29.12.07

Whence God?


Since this is the atheists' version of the Sistine Chapel ceiling, there is obviously no place for God in the painting. However we can hardly contemplate a painting based on one so famous without reference to the iconic central panel of God creating Adam. Fortunately a perfect substitute for God has been suggested in the form of our earliest consestor. Consestor is the term coined by Richard Dawkins in his book "The Ancestor's Tale" for the earliest common ancestor of different lines of species.

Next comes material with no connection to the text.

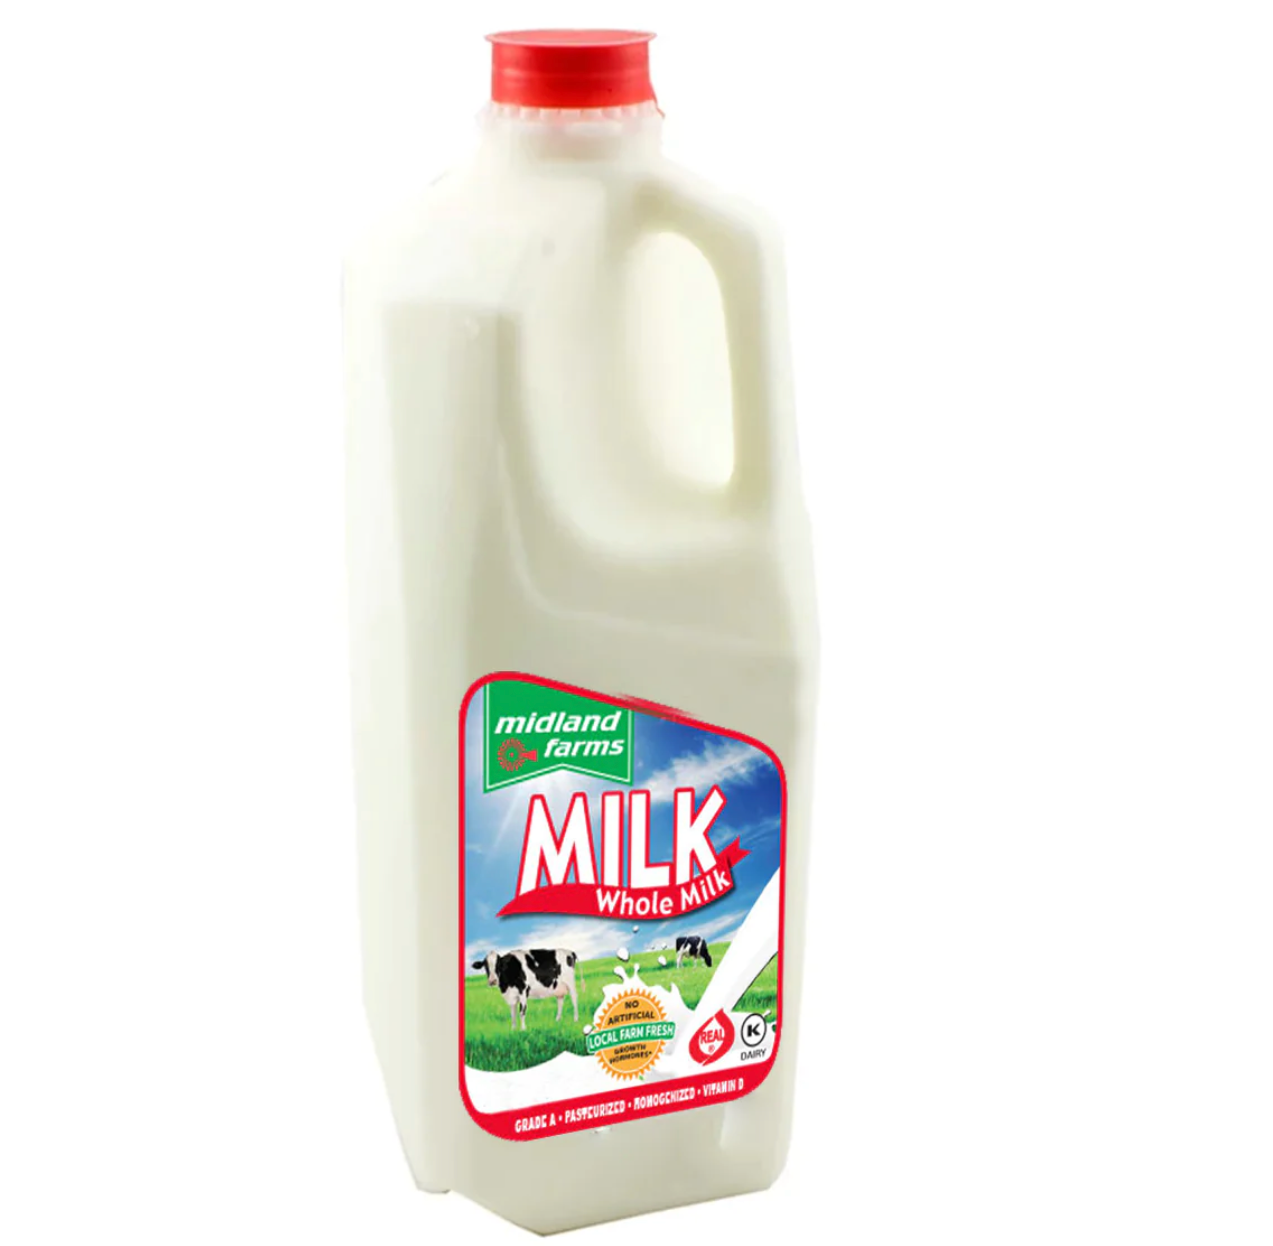 Midland Farms Whole Milk 32oz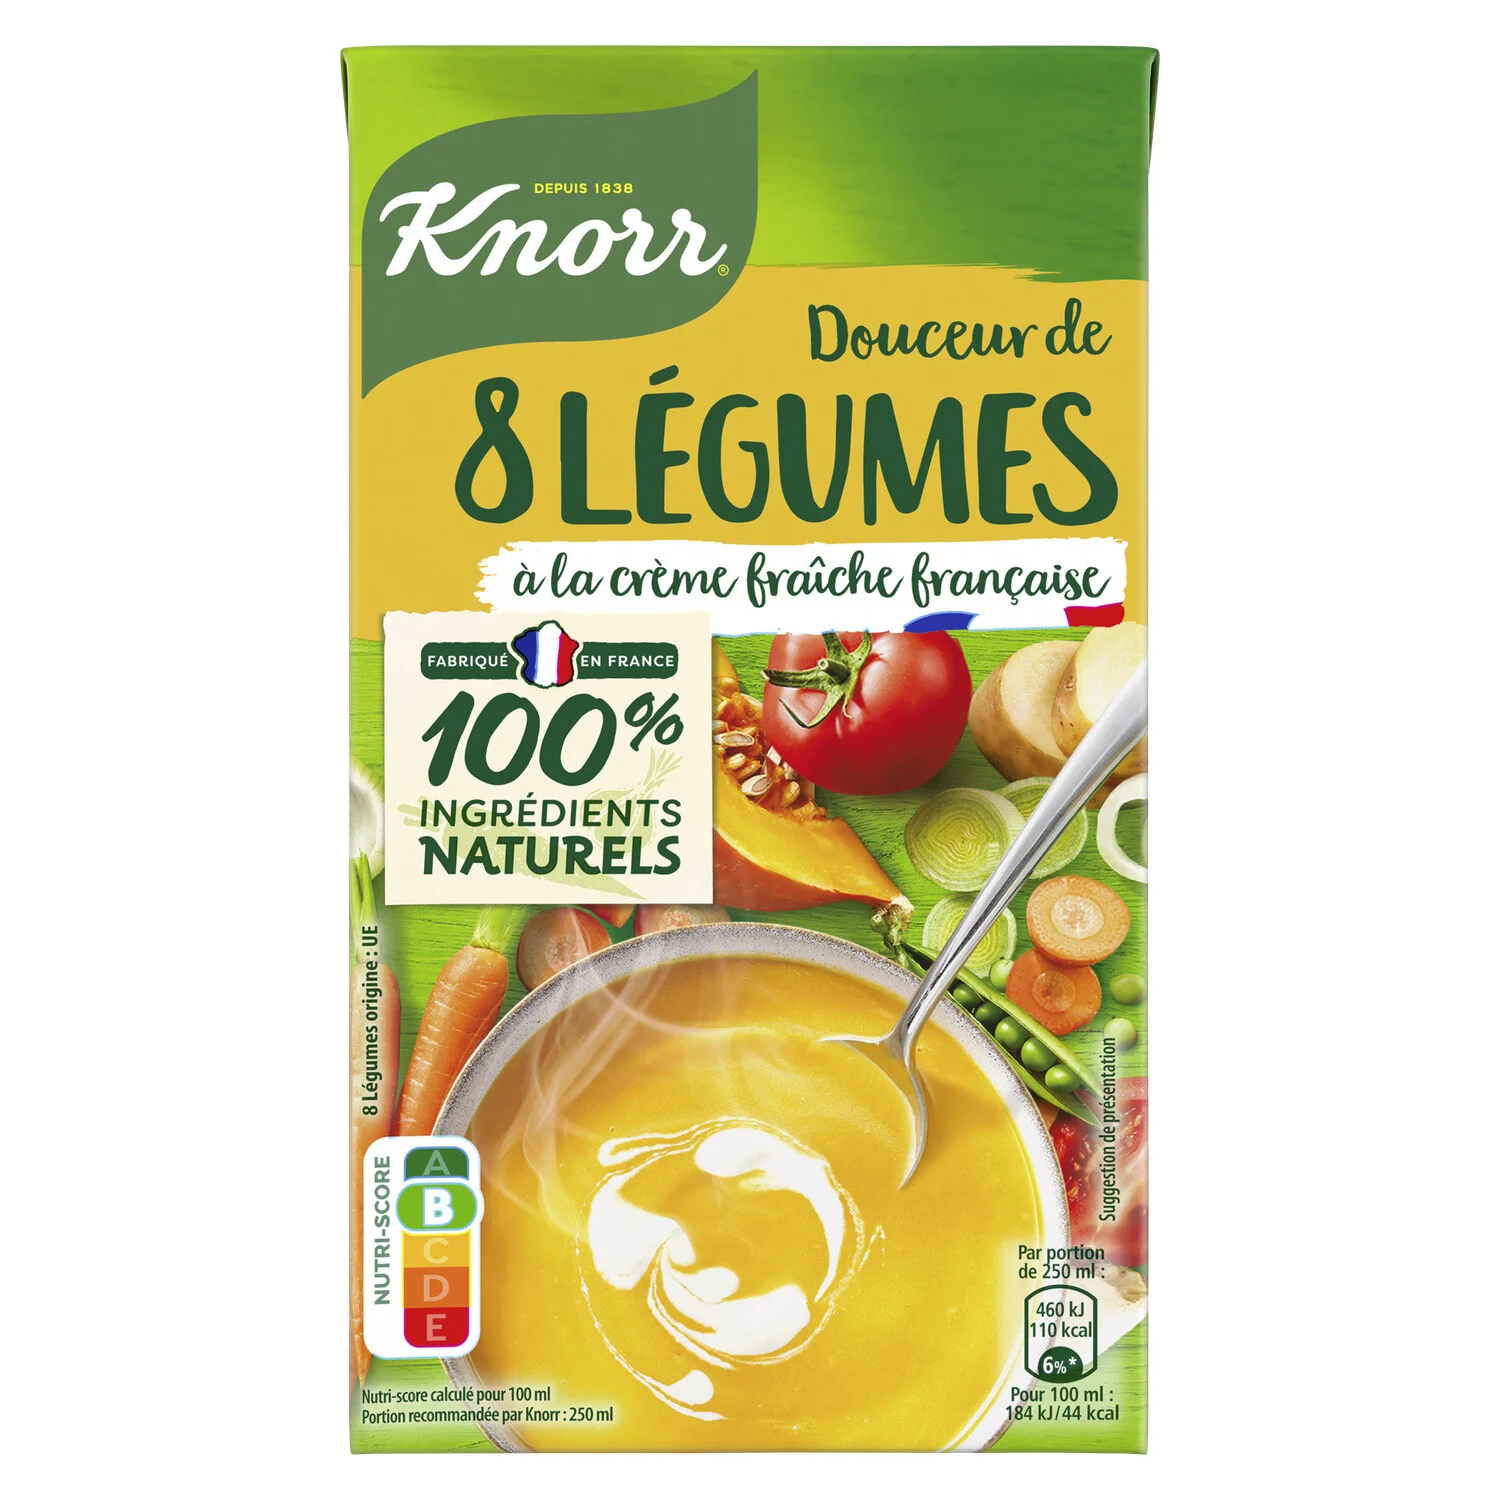 Knorr 8 Vegetables soup with creme fraiche 1L

According to Dawkins our first consestor, that is to say our nearest, chronologically speaking, common ancestor is the individual who was mother to both our lineage and that of the chimpanzees and gorillas. This individual lived around six to seven million years ago and while there is no firm fossil evidence that gives exact detail of what she would have looked like there is sufficient evidence of chimpanzee/homo fossils from around this period for us to have a stab at the appearance of our "Eve". In any event there is more evidence for our Eve than Michaelangelo had for his God!

So while we have the figure to replace God we are still not sure who should replace the Adam figure in the central scene, or indeed whether this should be a single individual, or even if it should be a real or fictional figure. Could it be argued that the archetype of humankind could be represented by a single fictional figure? say Homer Simpson. Do you have a better idea?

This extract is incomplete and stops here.